### [Exercise directions]
Return verbatim the lines that run from the one holding "Girl size 10 Kanbon Ski pants" to the end of the listing, both ends included, without the pictures.

### [Dataset excerpt]
- - - -

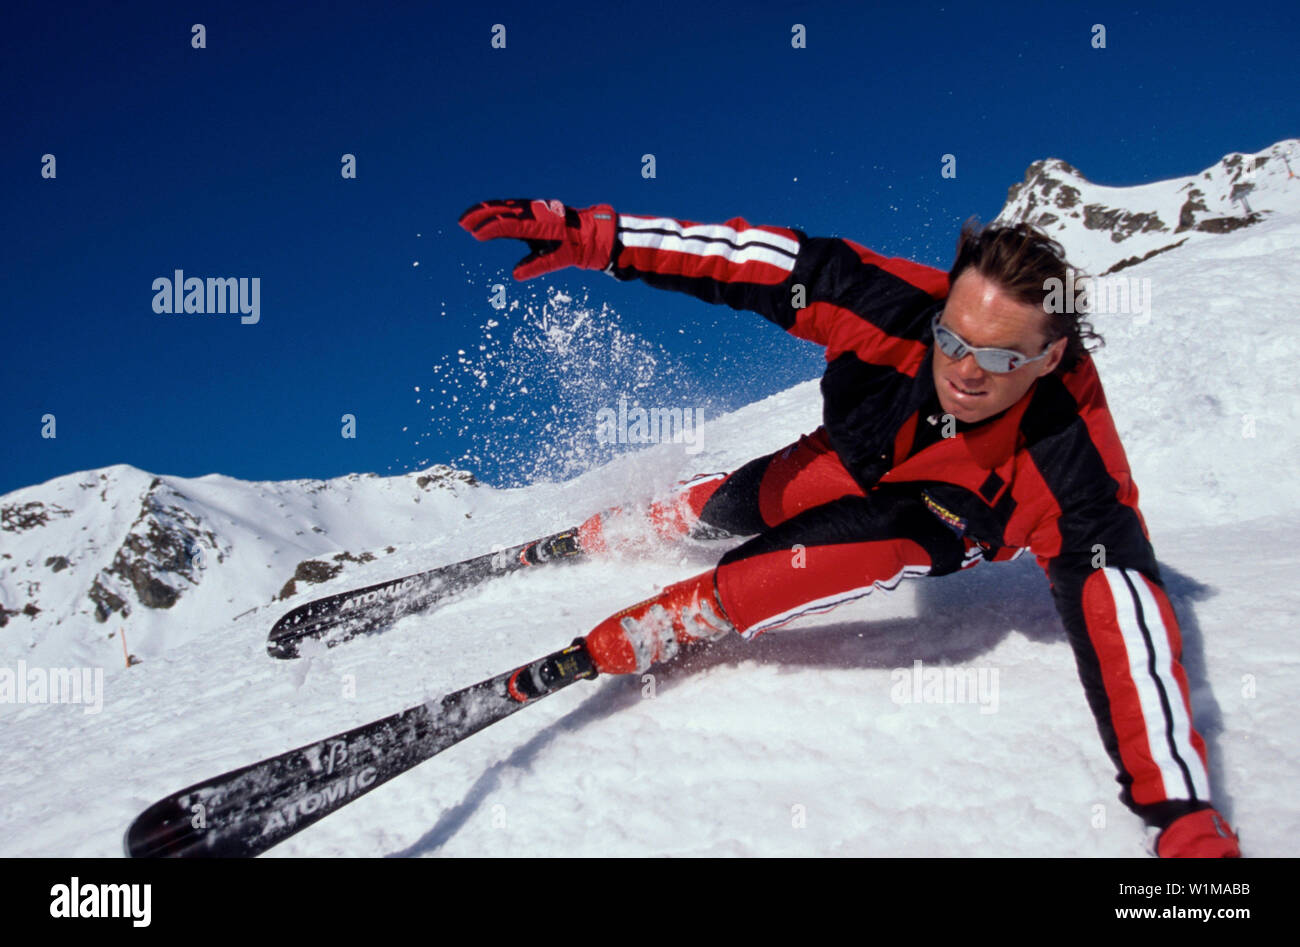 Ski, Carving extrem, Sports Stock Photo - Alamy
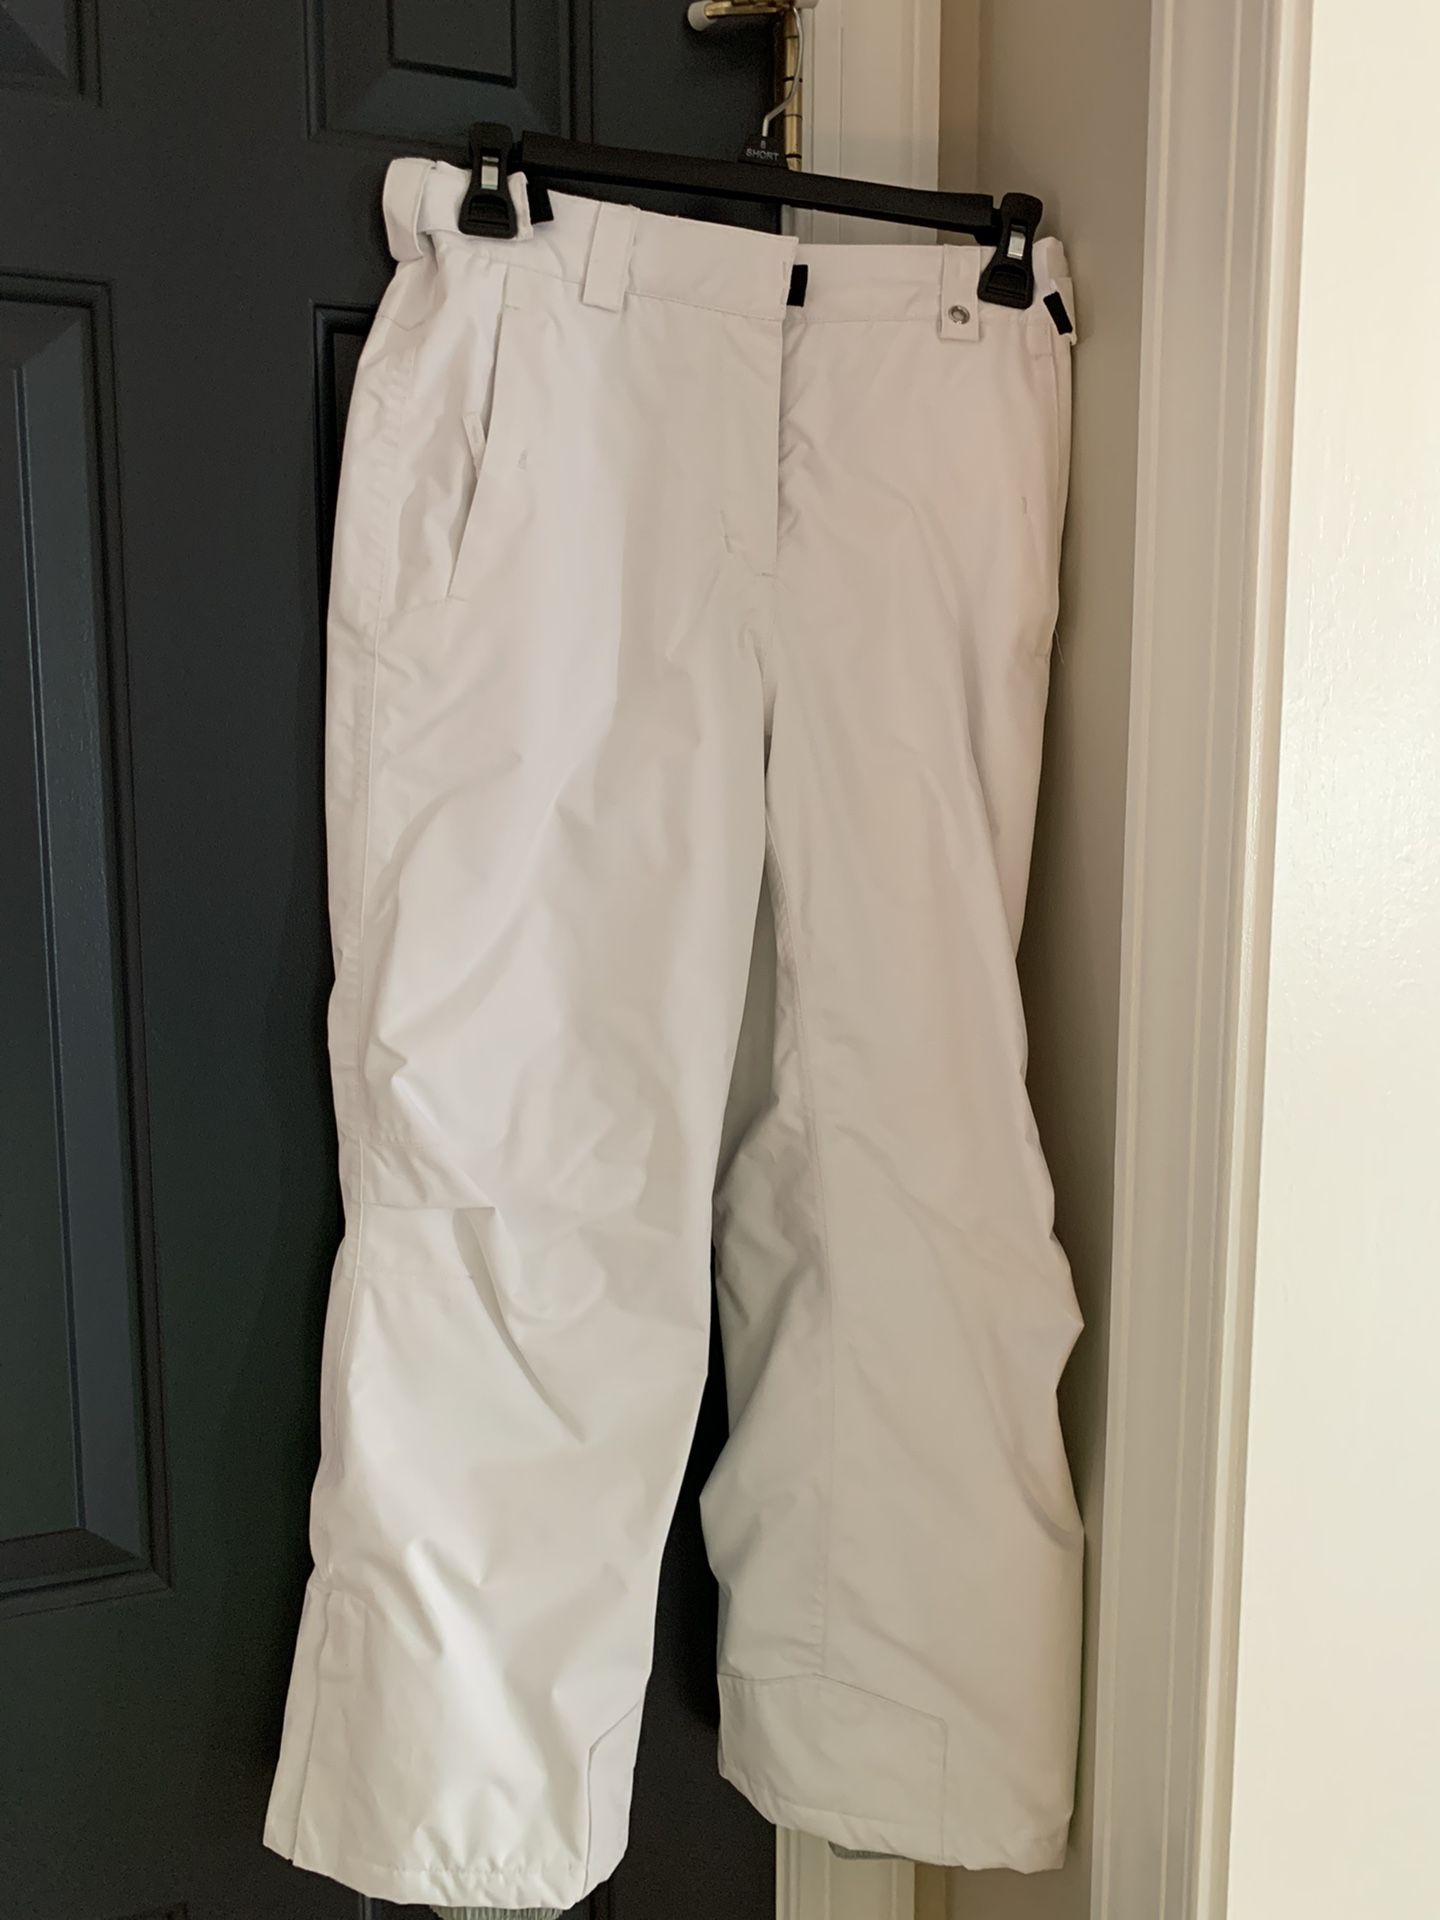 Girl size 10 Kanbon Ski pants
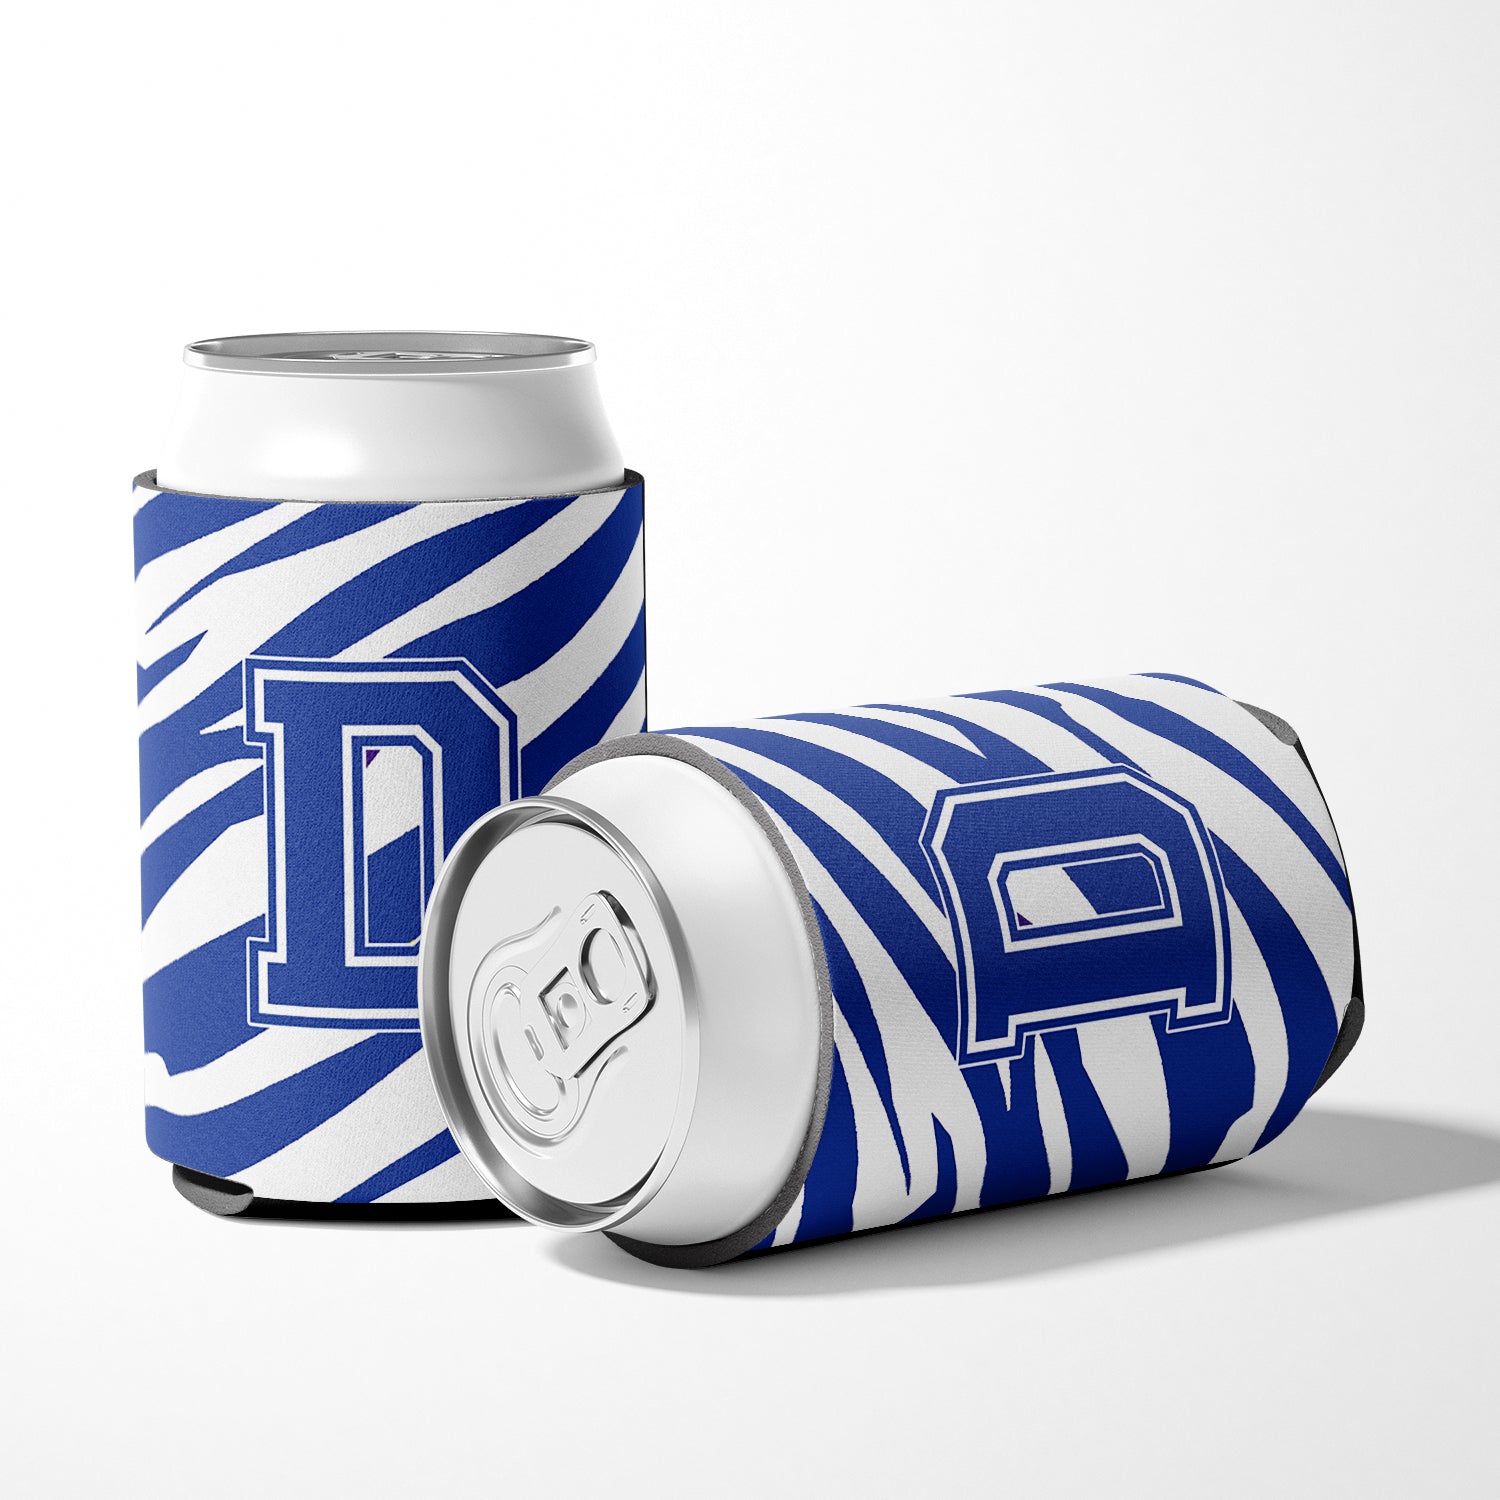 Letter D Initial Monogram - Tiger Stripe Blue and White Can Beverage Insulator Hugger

- - - -

### [The answer]
 Girl size 10 Kanbon Ski pants
 Letter D Initial Monogram - Tiger Stripe Blue and White Can Beverage Insulator Hugger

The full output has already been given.